Let's train the algorithm again, using the information from the grid search.

In [None]:
# Training the tuned algorithm

forest_tuned = RandomForestClassifier(n_estimators=100,
                                      criterion= 'gini',
                                      bootstrap= False,
                                      max_depth= 10,
                                      max_features= 'auto',
                                      min_samples_split= 20,
                                      min_samples_leaf= 1,
                                      random_state=101)
forest_tuned.fit(X_train, y_train)
y_pred = forest_tuned.predict(X_test)

In [None]:
# Evaluating the tuned algorithm

print (confusion_matrix(y_test, y_pred))
print (classification_report(y_test, y_pred))
print ('Accuracy Score: ' + str(accuracy_score(y_test, y_pred)))

Slightly better than previously, but still not noticably different from a random draw.

### **SVM**

In [None]:
# Training the algorithm

from sklearn.svm import SVC

svm = SVC()
svm.fit(X_train, y_train)
y_pred = svm.predict(X_test)

In [None]:
# Evaluating the algorithm

print (confusion_matrix(y_test, y_pred))
print (classification_report(y_test, y_pred))
print ('Accuracy Score: ' + str(accuracy_score(y_test, y_pred)))

Not great, let's search for the best parameters using grid search.

In [None]:
# Grid search

# "C" controls the cost of misclassification on the training data. 
# A large C-value gives you low bias and high variance.
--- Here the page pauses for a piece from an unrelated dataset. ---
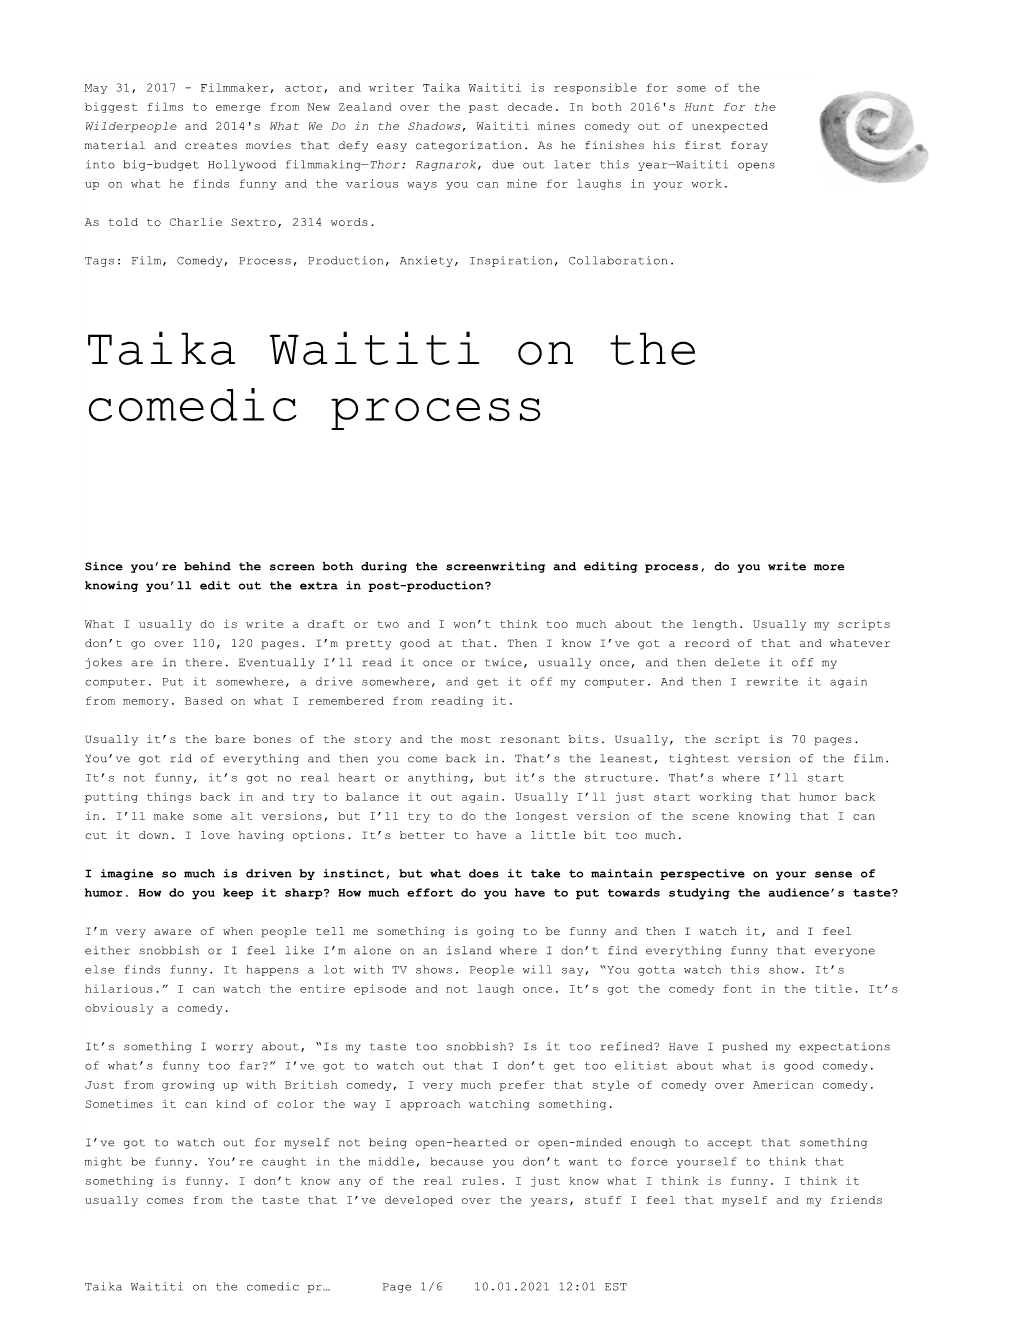 Taika Waititi on the Comedic Process

Low bias causes you penalize the cost of misclassification a lot.

# Small "gamma" means a Gaussian of a large variance. Large gamma leads to high bias and low variance in the model. 

param_grid = {
    'C': [0.1, 1, 10, 100, 1000],
    'gamma': [1, 0.1, 0.01, 0.001, 0.0001]
}

gs = GridSearchCV(SVC(), param_grid, verbose=3)
gs.fit(X_train, y_train)

In [None]:
print(gs.best_params_)

Let's train the algorithm again, using the information from the grid search.

In [None]:
# Training the tuned algorithm

svm_tuned = SVC(C = 10, gamma = 0.1)
svm_tuned.fit(X_train, y_train)
y_pred = svm_tuned.predict(X_test)

In [None]:
# Evaluating the algorithm

print (confusion_matrix(y_test, y_pred))
print (classification_report(y_test, y_pred))
print ('Accuracy Score: ' + str(accuracy_score(y_test, y_pred)))

Slightly better than previously, but the model still has poor predictive ability.

## **Conclusion**

Neither KNN, Random Forest nor the SVM algorithm are very useful in terms of predicting the gender of the customer based on the features Age, Income and Score. This indicates that the data does not have prediction capability. This doesn't come as a huge surprise, as we could already see in the EDA that there was little that suggested any major differences between the two genders when it came to these variables. However, the sample used is very small (n=200), and having more data might have given us higher accuracy scores.

A high error rate indicates that the model is underfitting and has high bias. The model is not sufficiently complex, so it's simply not capable of representing the relationship between y and the input features. To combat this we could try increasing the number of input features.